Come il principe e la principessa avessero varcato le porte della locanda dove il principe aveva perso tutti i suoi averi, infatti, egli si sarebbe dimenticato della principessa. E, purtroppo, così accadde. Il principe ripartì dalla locanda, scordando di dover portare con sé anche la principessa. La ragazza, disperata e abbandonata, pianse tutte le lacrime che aveva, finché non sentì le voci delle sue sorelle.
«Ci dispiace, ma non avevamo altra scelta! Sai quanto il nostro patrigno sia malvagio, non potevamo rifiutarci!» disse la maggiore.
«Non è ancora tutto perduto, però!» la rassicurò quella di mezzo.
«Vola da lui, e ricordagli delle vostre
avventure!» concluse la maggiore. La principessa si trasformò ancora una volta in una colomba, e volò fino al castello sull’Oceano Atlantico.

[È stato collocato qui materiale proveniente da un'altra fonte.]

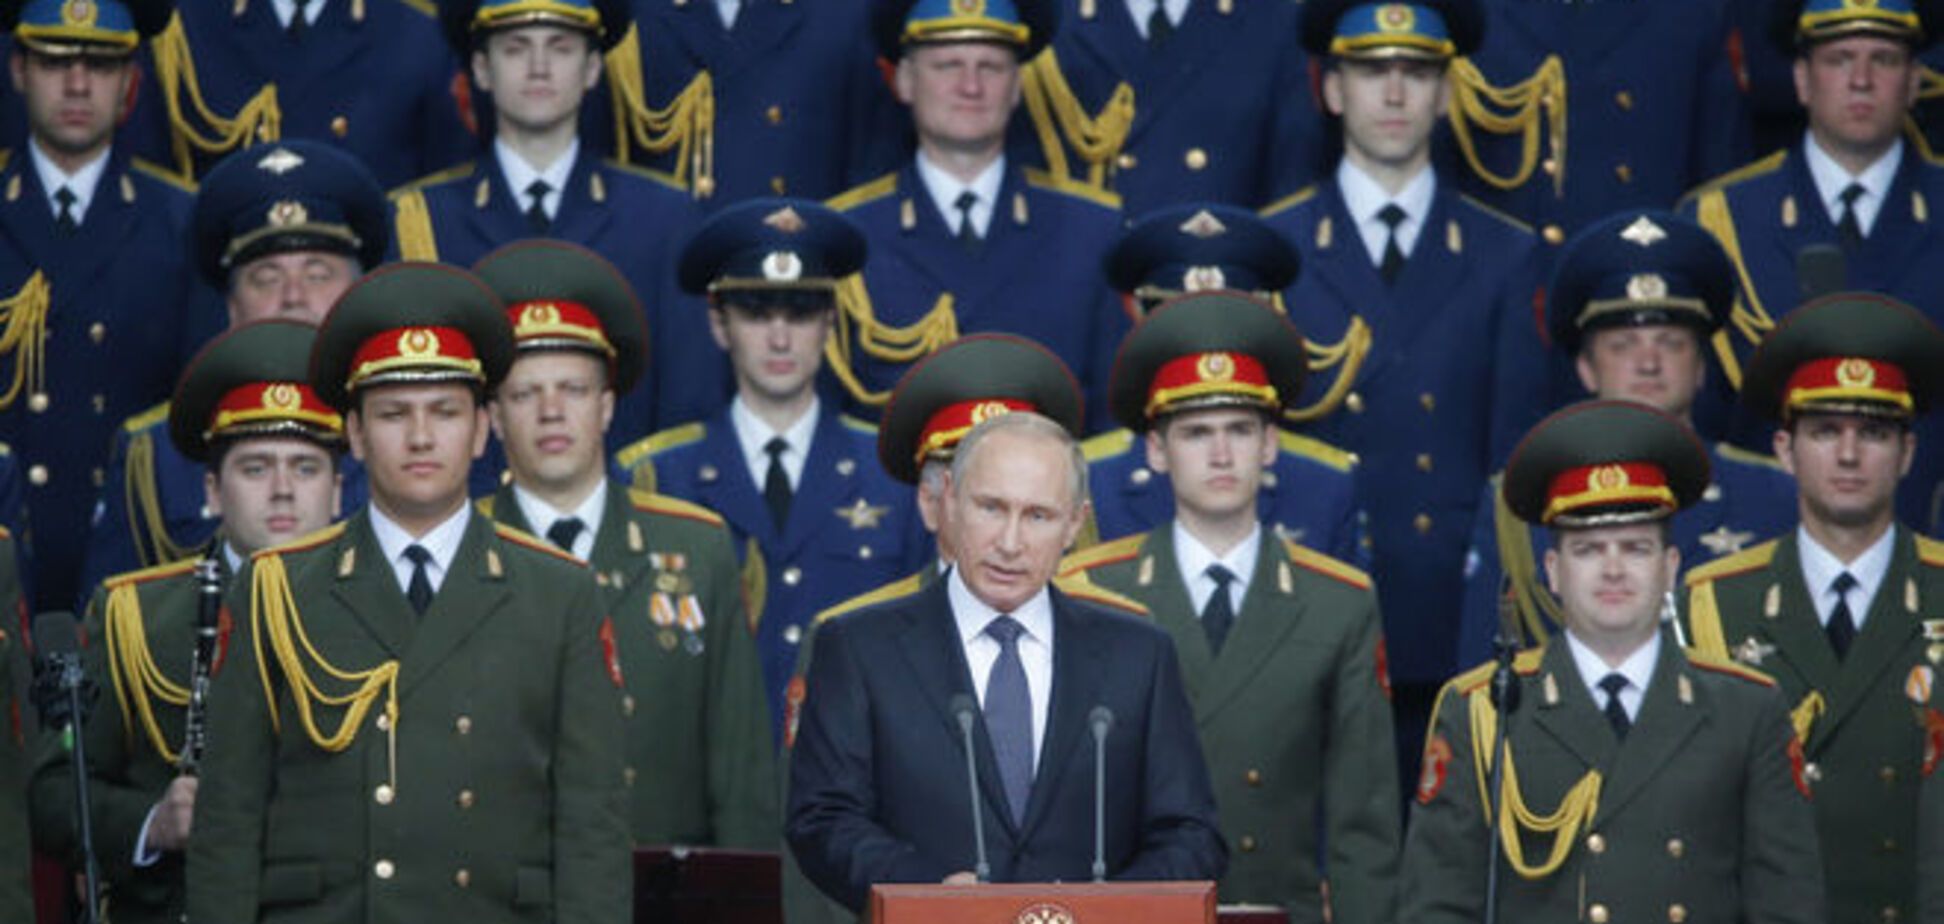 Кремль розглядає конфлікт в Україні як частину світової війни - Фельгенгауер

Fece il giro intorno al palazzo due volte, finché non riuscì a trovare la stanza del principe. Vi entrò e lo vide seduto alla scrivania, intento a scrivere del suo lungo viaggio.
In un sacchettino su un angolo del tavolo c’erano l’anello, la collana e la piuma bianca che lei gli aveva donato la prima volta che si erano visti.

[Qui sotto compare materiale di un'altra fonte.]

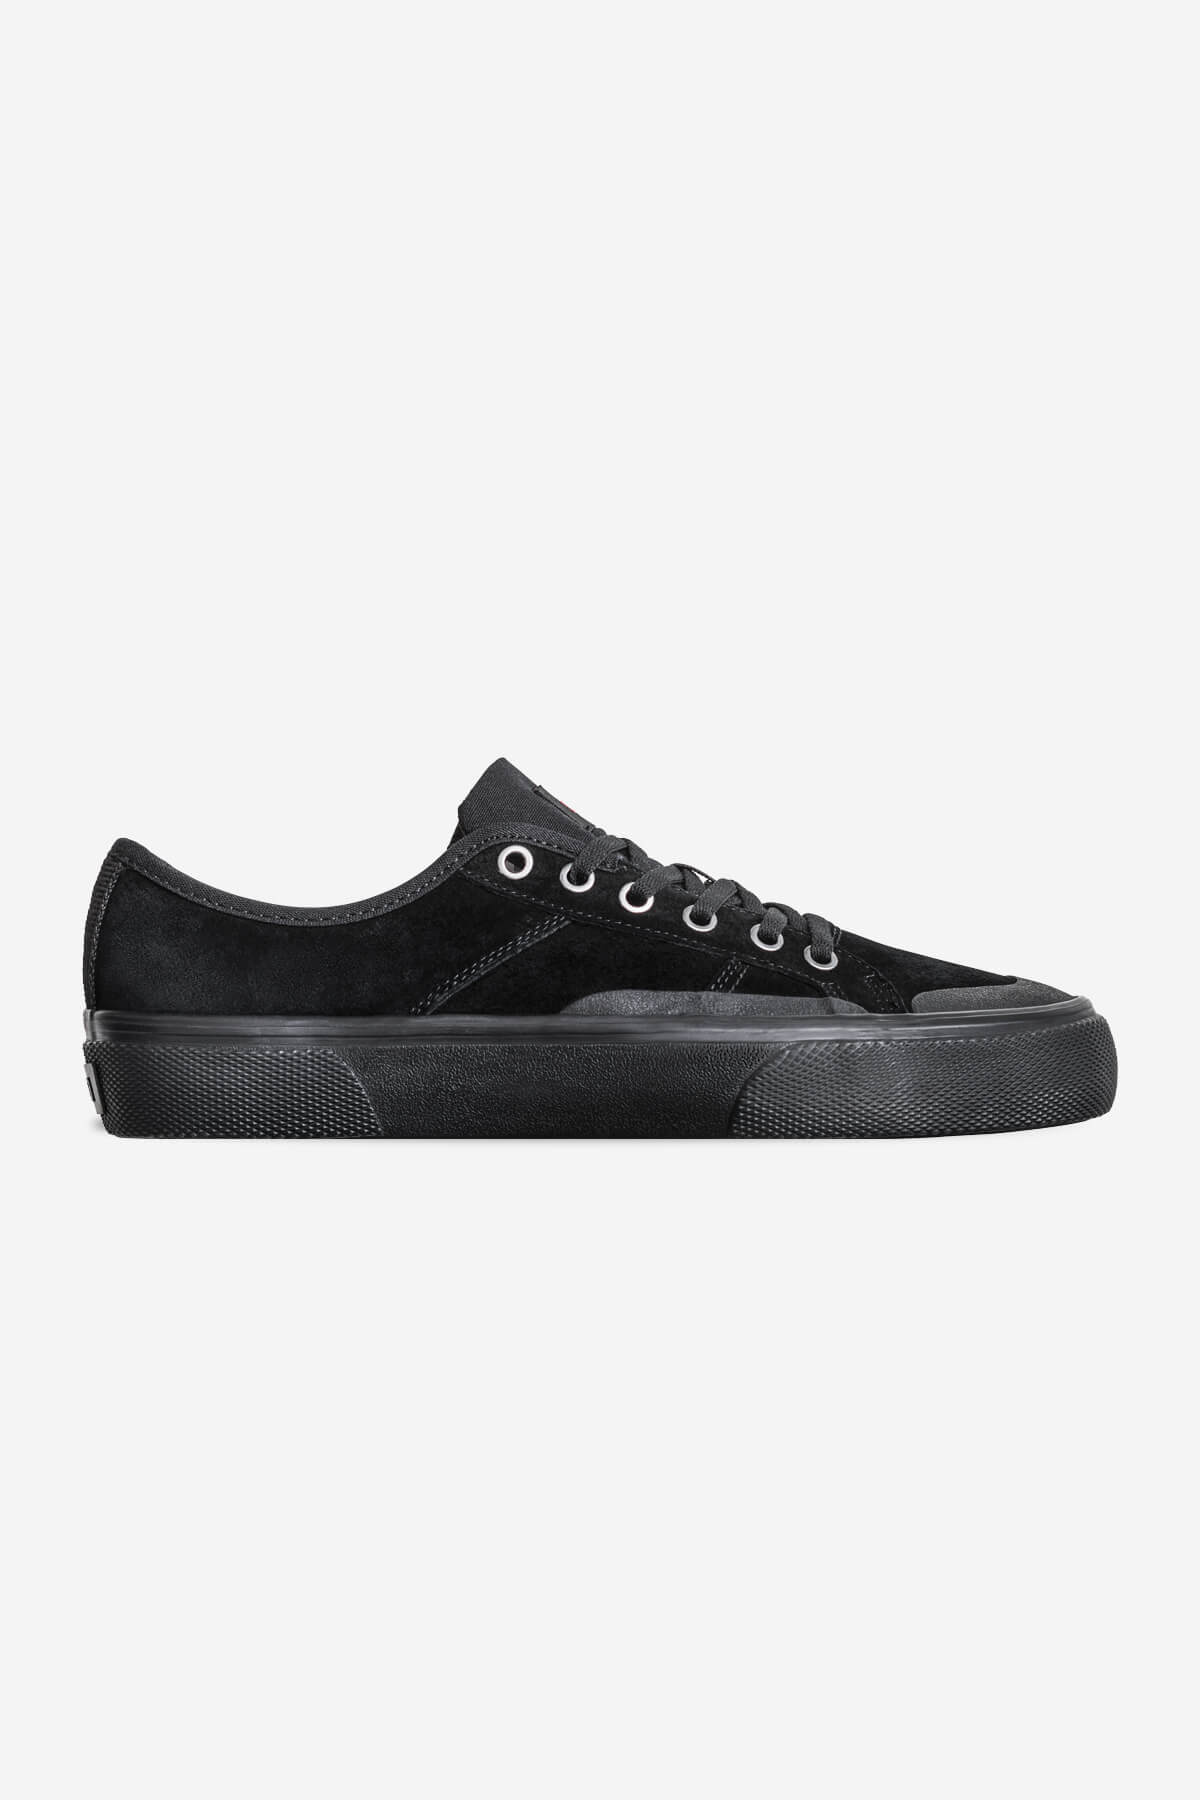 surplus zwart zwart wolverine skateboard schoenen

La colomba si posò sulla spalla del principe, e gli sussurrò nell’orecchio: «Indossa quell’anello, mio principe, vedrai che ti andrà bene».
Il principe, non comprendendo più il linguaggio delle colombe per via dell’incantesimo voluto dal re
malvagio, si voltò verso la colomba e la guardò storto. Allora, la colomba prese il sacchettino con il becco e lo portò sul foglio dove il principe stava scrivendo. Lui, incuriosito, l’aprì, e indossò l’anello e la collana, poi prese in mano la piuma, e in un istante gli tornò la memoria.
«Bella colombella! Mia bella principessa, sei tu!» disse entusiasta. La colomba si ritrasformò nella principessa, e abbracciò il suo amato.
I due innamorati si sposarono e, una volta celebrato il matrimonio, mandarono a chiamare le sorelle e la madre della principessa, perché vivessero con loro nel castello sull’Oceano Atlantico.
Il re malvagio morì solo e triste, mentre la principessa, il principe e le loro famiglie vissero per sempre felici e contenti.